▸ What is required
Return the data exactly, without pictures.

======== Data below

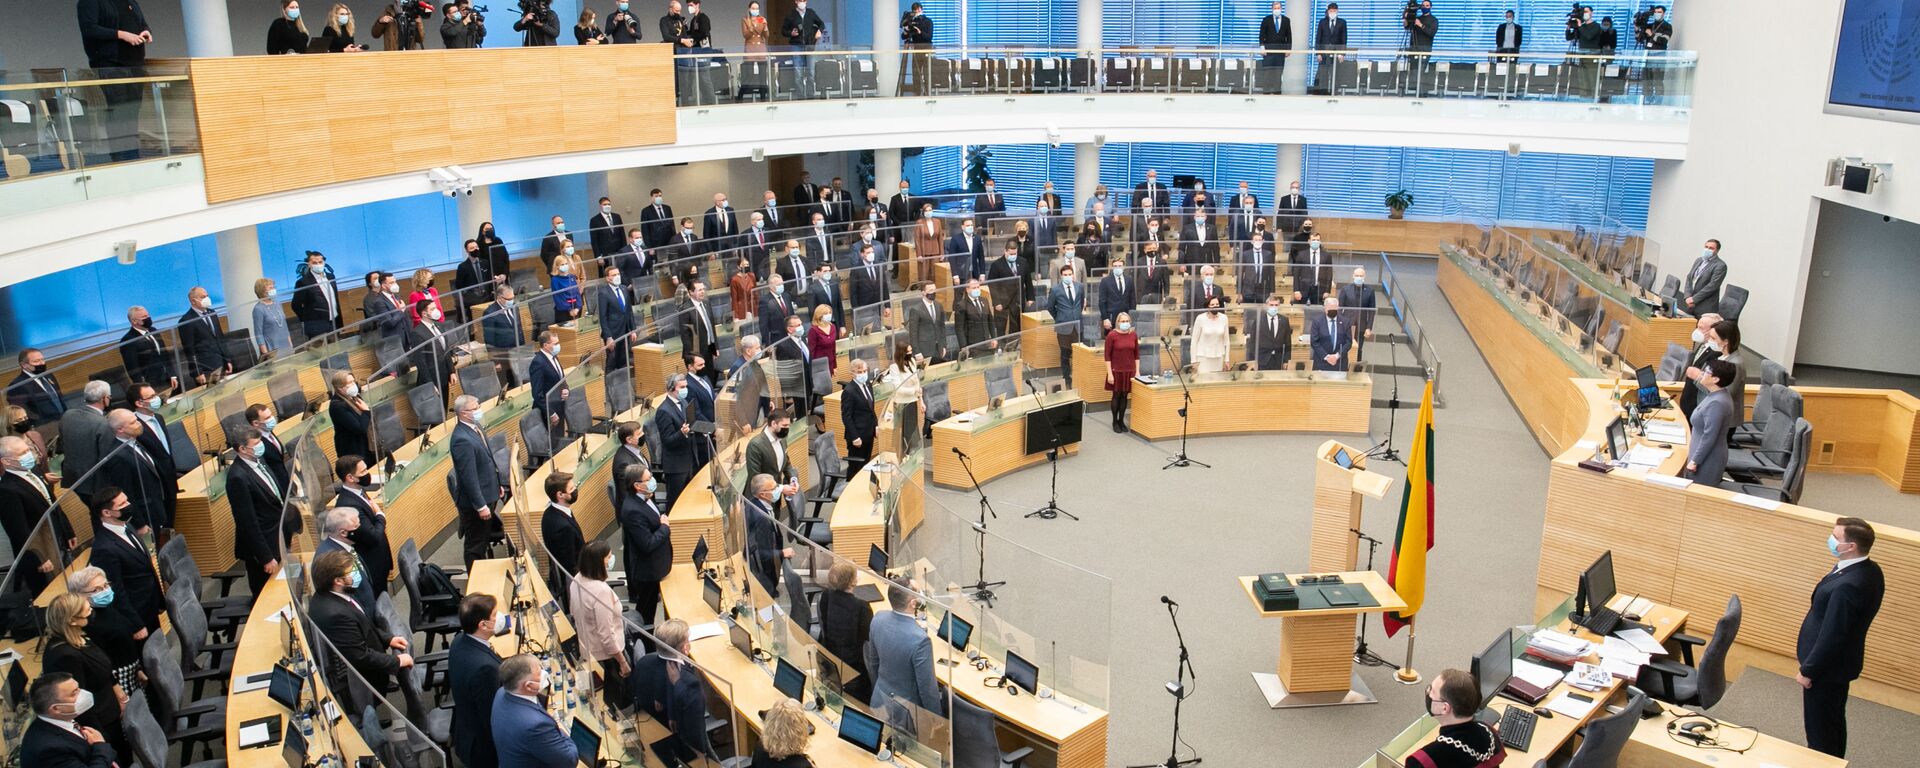 Первое заседание весенней сессии Сейма Литвы, 10 марта 2021 - Sputnik Lietuva, 1920, 13.05.2021
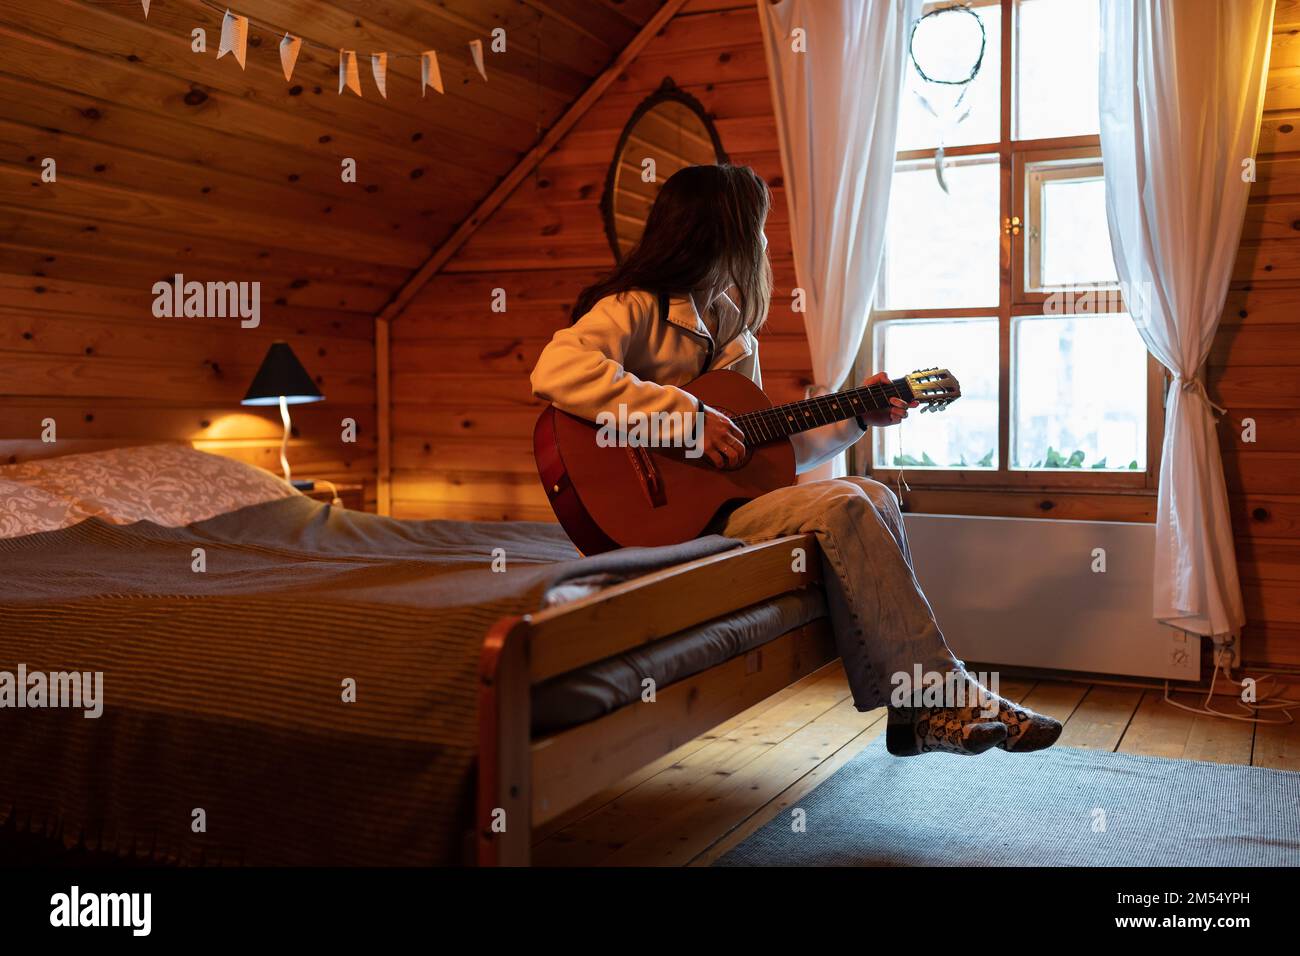 Donna solitaria melancholica seduta sul letto con chitarra in mani e guarda fuori finestra in accogliente casa di legno Foto Stock
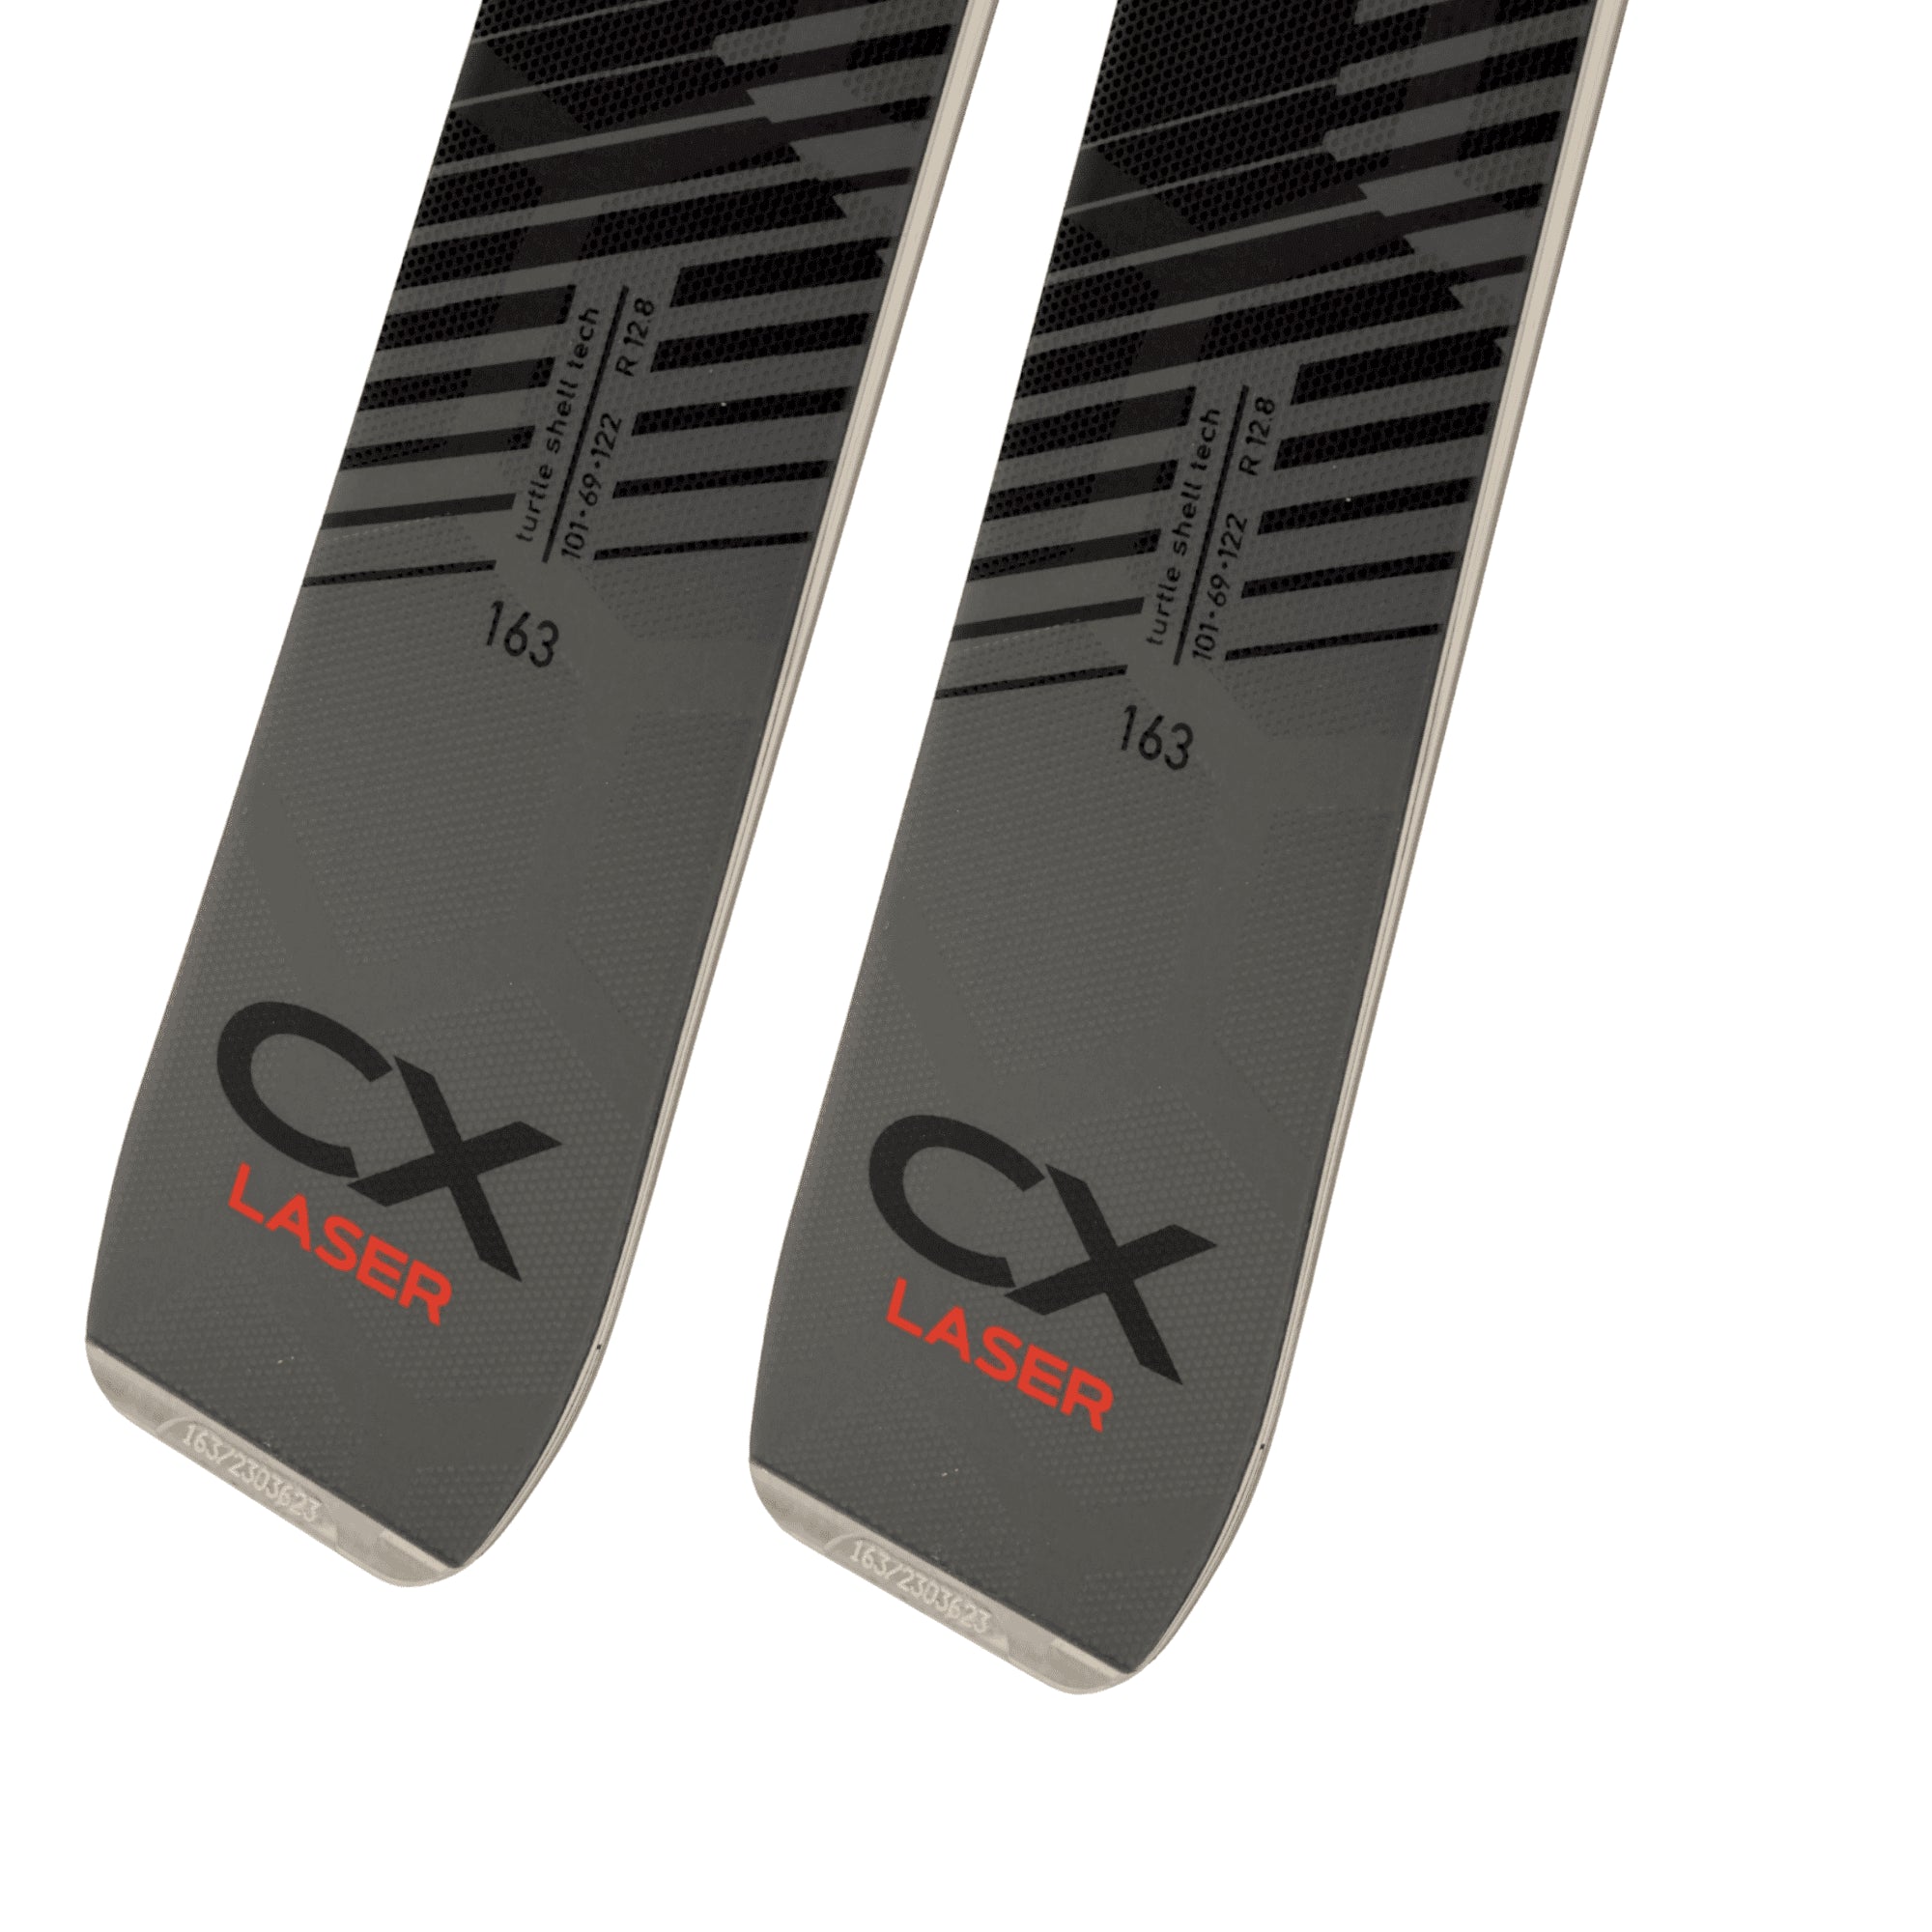 Stockli Laser CX MC D20 + MC11 Adult Alpine Skis – Oberson

================

▸ Task result
 Первое заседание весенней сессии Сейма Литвы, 10 марта 2021 - Sputnik Lietuva, 1920, 13.05.2021
 Donna solitaria melancholica seduta sul letto con chitarra in mani e guarda fuori finestra in accogliente casa di legno Foto Stock
 Stockli Laser CX MC D20 + MC11 Adult Alpine Skis – Oberson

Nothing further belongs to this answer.